What it feels like to have poor communication skills in a meeting
hub.bsI strongly disagree with the article. The engineer (in the video) shows good skills in communicating with the other people and takes their obviously silly requests seriously. At one point he has to explain that geometry itself is rendering the request impossible. Many problems could be resolved if businesspeople were forced to understand some technical aspects of what they are in control of, rather than forcing engineers to dumb-down complex technical solutions for people who don't really care what is behind it.
Being a software developer in an enterprise is often like being Top Gear's James May when he has to explain something to Jeremy.
The video is funny because the requests are obviously logical impossibilities.
But what usually happens when these meetings go bad is that the client is just not very good at expressing what they really want, but try to use technical terms anyway. The engineer gets hung up reacting to and debating the literal possibility of what they heard, instead of treating it as an exercise in translating from an alien tongue.
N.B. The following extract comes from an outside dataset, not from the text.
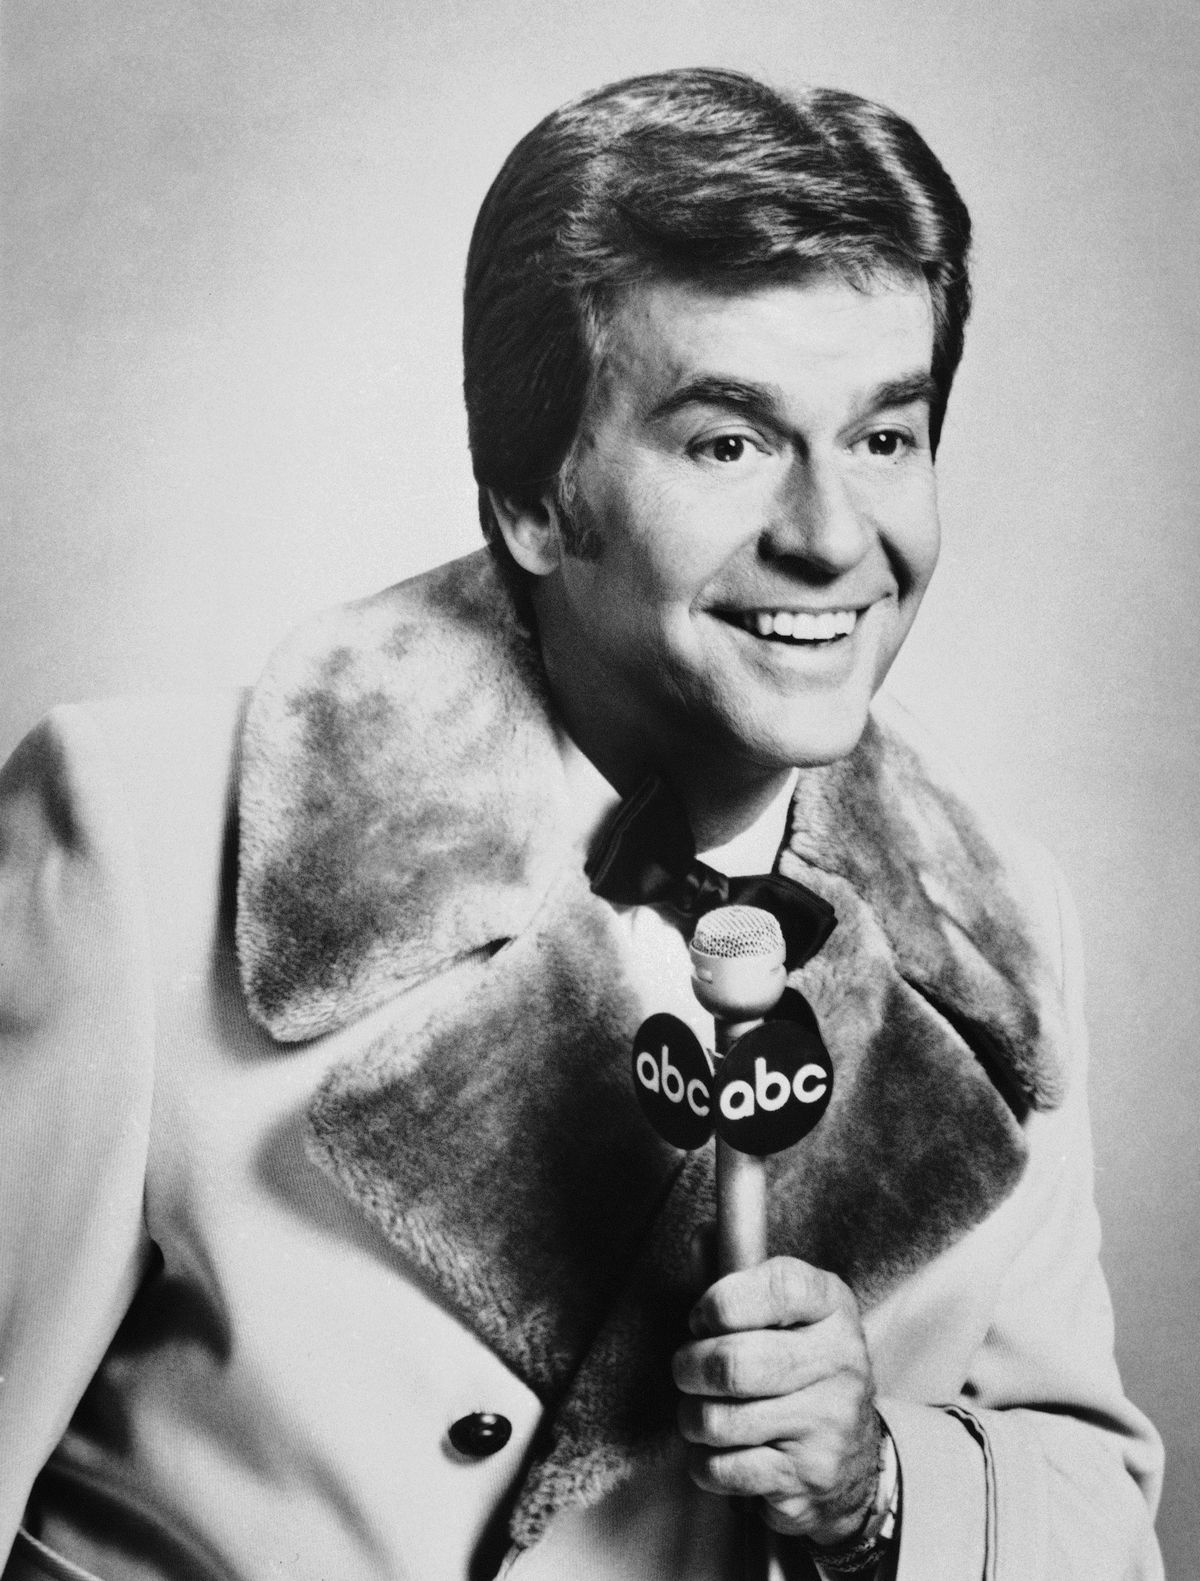 Dick Clark 82 Dies Of Heart Attack The Spokesman Review
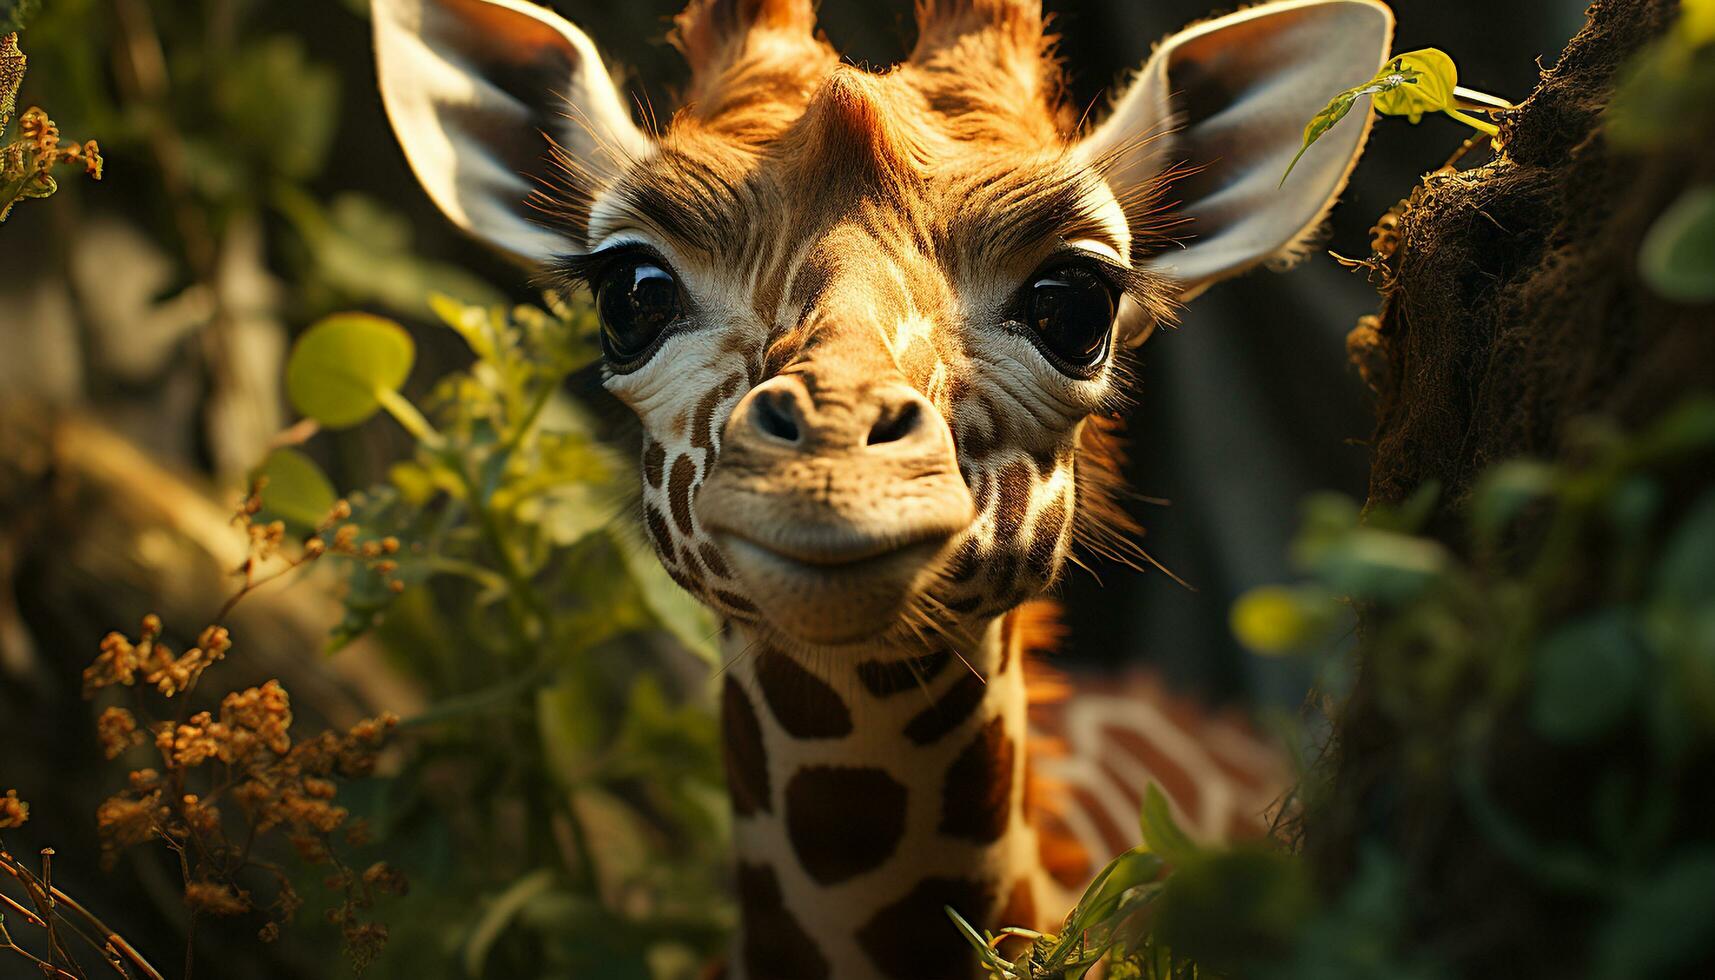 Cute giraffe looking at camera in African wilderness generated by AI photo

Edit to add: This is where agile/rapid prototyping can help too. Imagine coming back to this client a couple days later with a red cross on a piece of paper and saying, "The 3rd line is pointing straight at you, so you just see the end--this point here in the middle. And you can't see the other lines because they've been deployed into the 4th, 5th, 6th, and 7th dimensions to maintain perpendicularity. Now let's test some business scenarios." It might turn out those other lines were not needed at all. Or some user testing might show that the color actually does not matter. Etc. (I love to play with bad metaphors.)
"relishing in having squirreled away knowledge from your coworkers isn’t productive or healthy."
Did we watch the same video? In what way did you interpret the character's behavior as trying to "squirrel away knowledge?"
Maybe he feels that the protagonist was hoarding the secrets of geometry and color, and that if only he had better communication skills everyone else in the room would suddenly realize the internal inconsistencies of their specification.